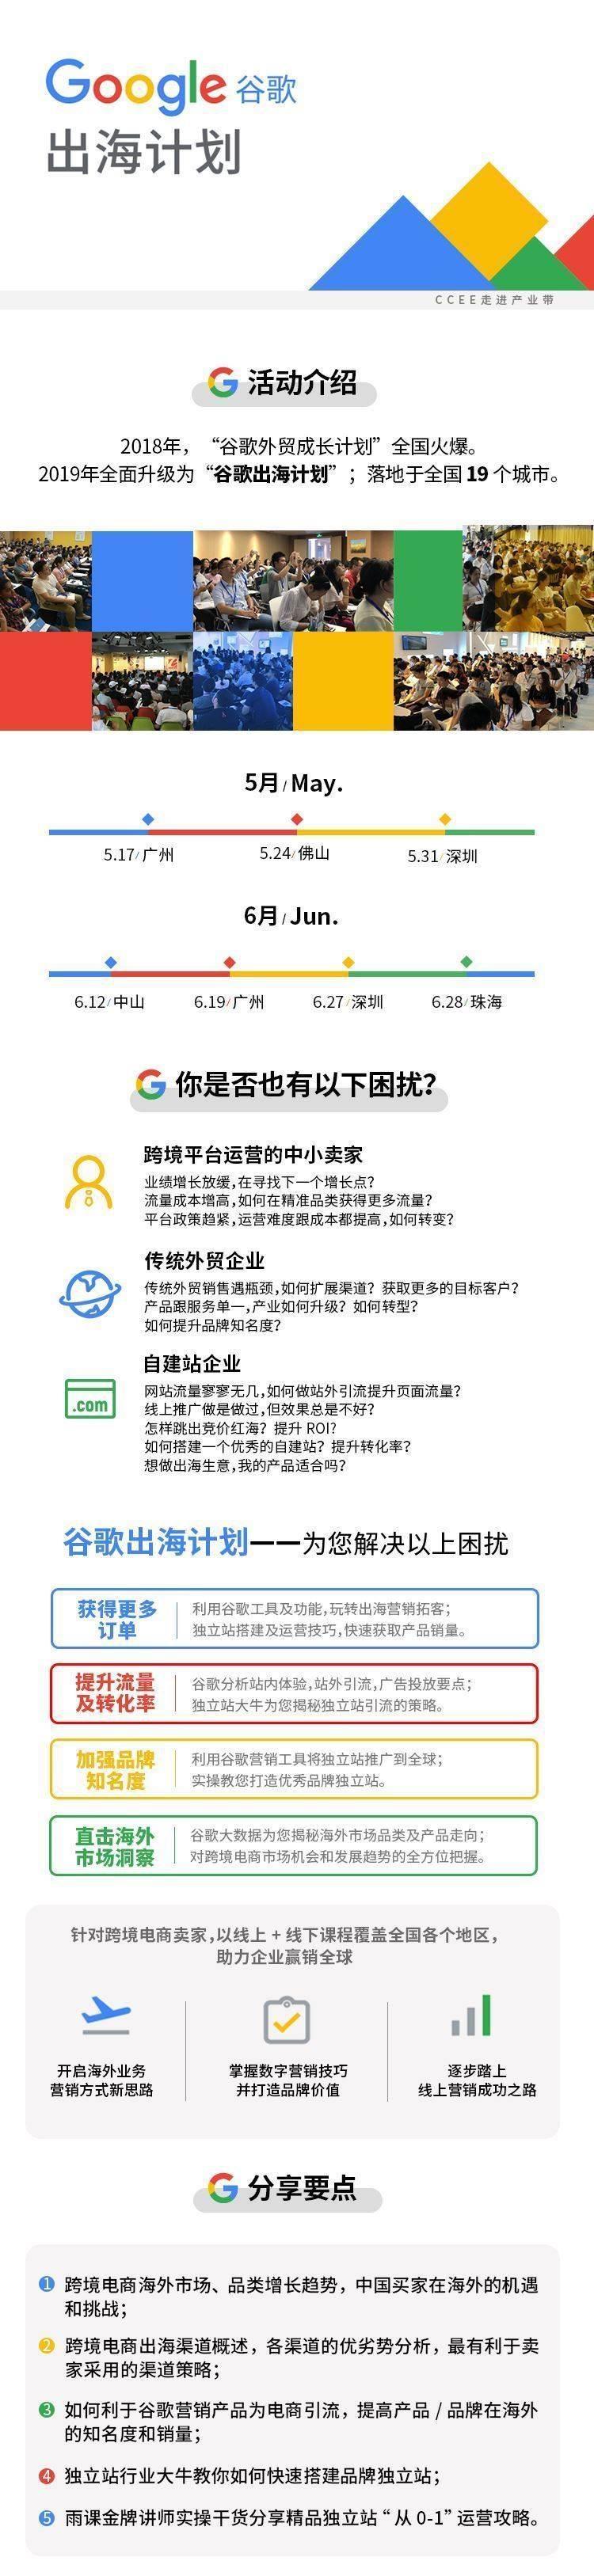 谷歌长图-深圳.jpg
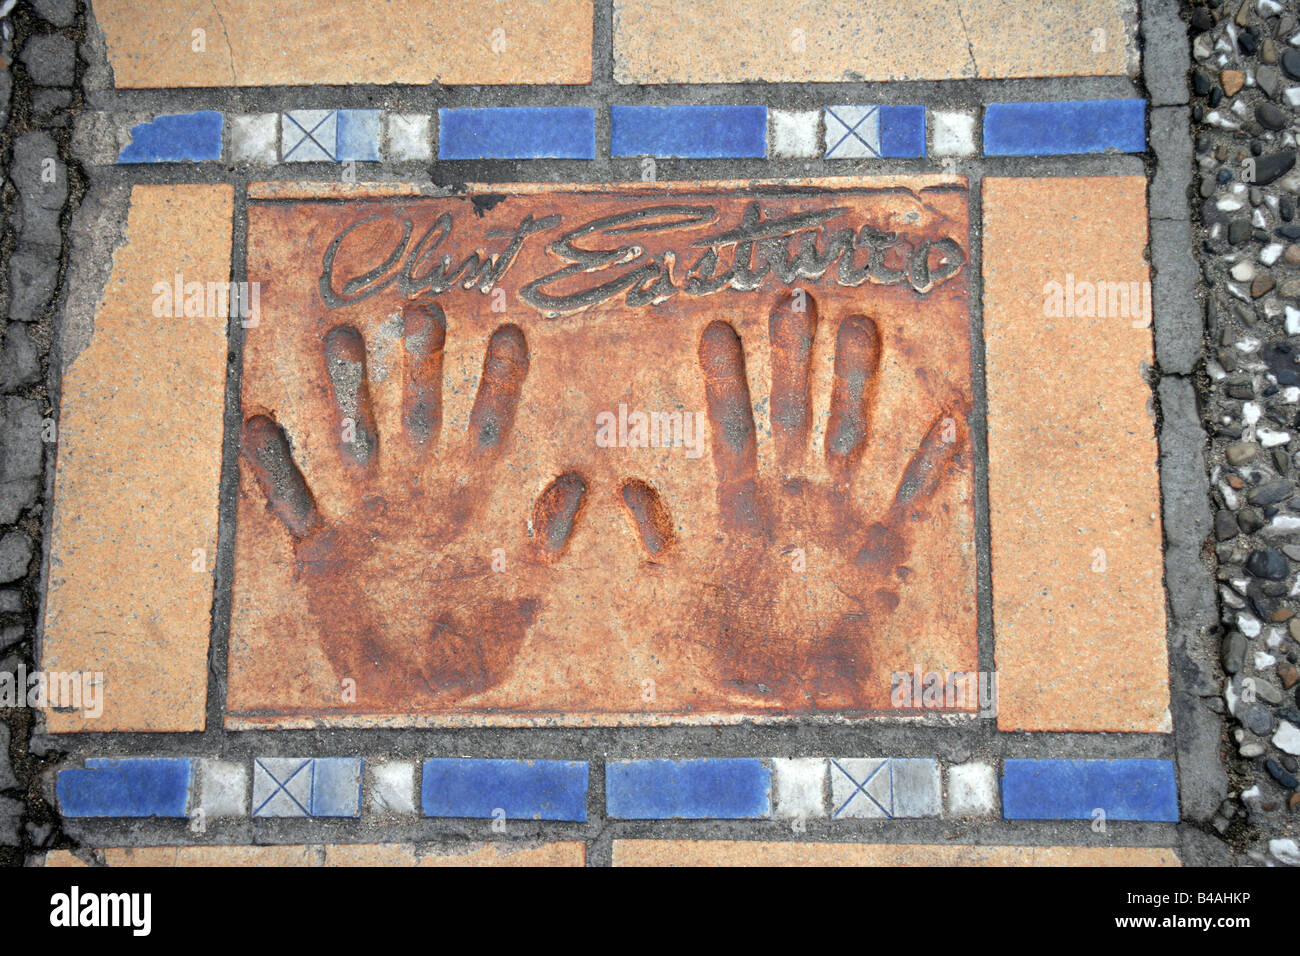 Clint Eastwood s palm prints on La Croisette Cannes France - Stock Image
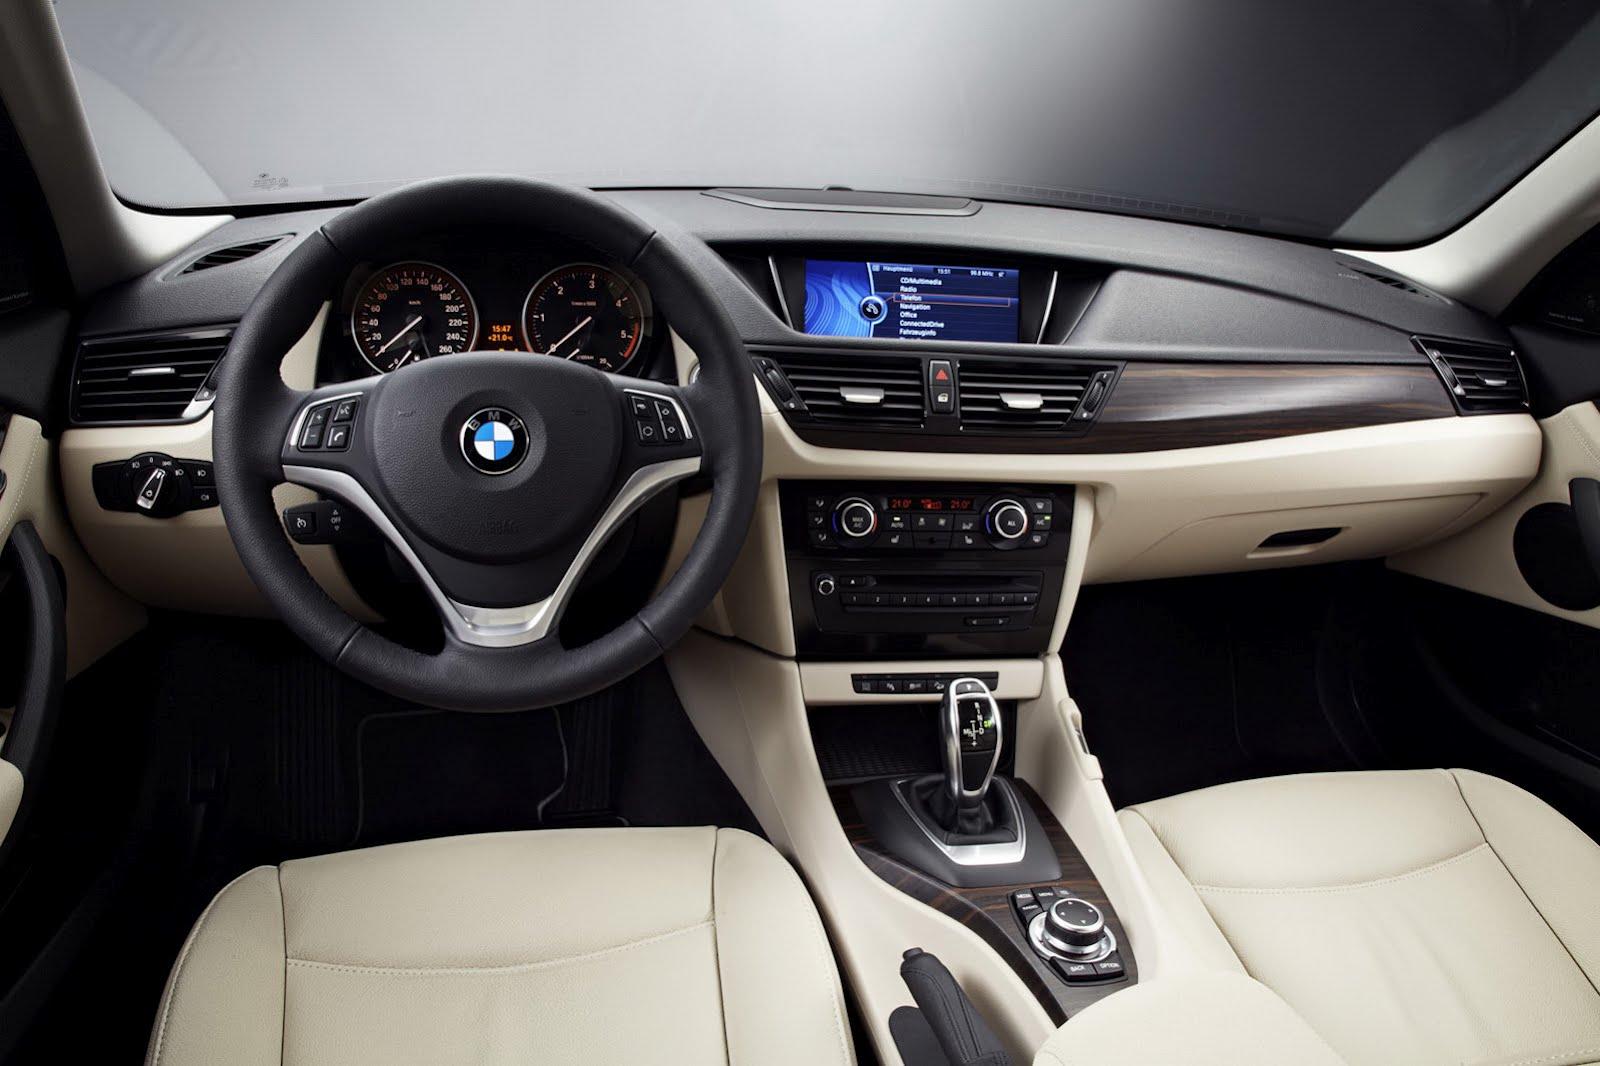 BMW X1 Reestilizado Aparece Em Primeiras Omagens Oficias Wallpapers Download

Exercise aim — Write the lines above out again exactly, without any of their pictures.

Exercise response —
 谷歌长图-深圳.jpg
 Clint Eastwood s palm prints on La Croisette Cannes France - Stock Image
 BMW X1 Reestilizado Aparece Em Primeiras Omagens Oficias Wallpapers Download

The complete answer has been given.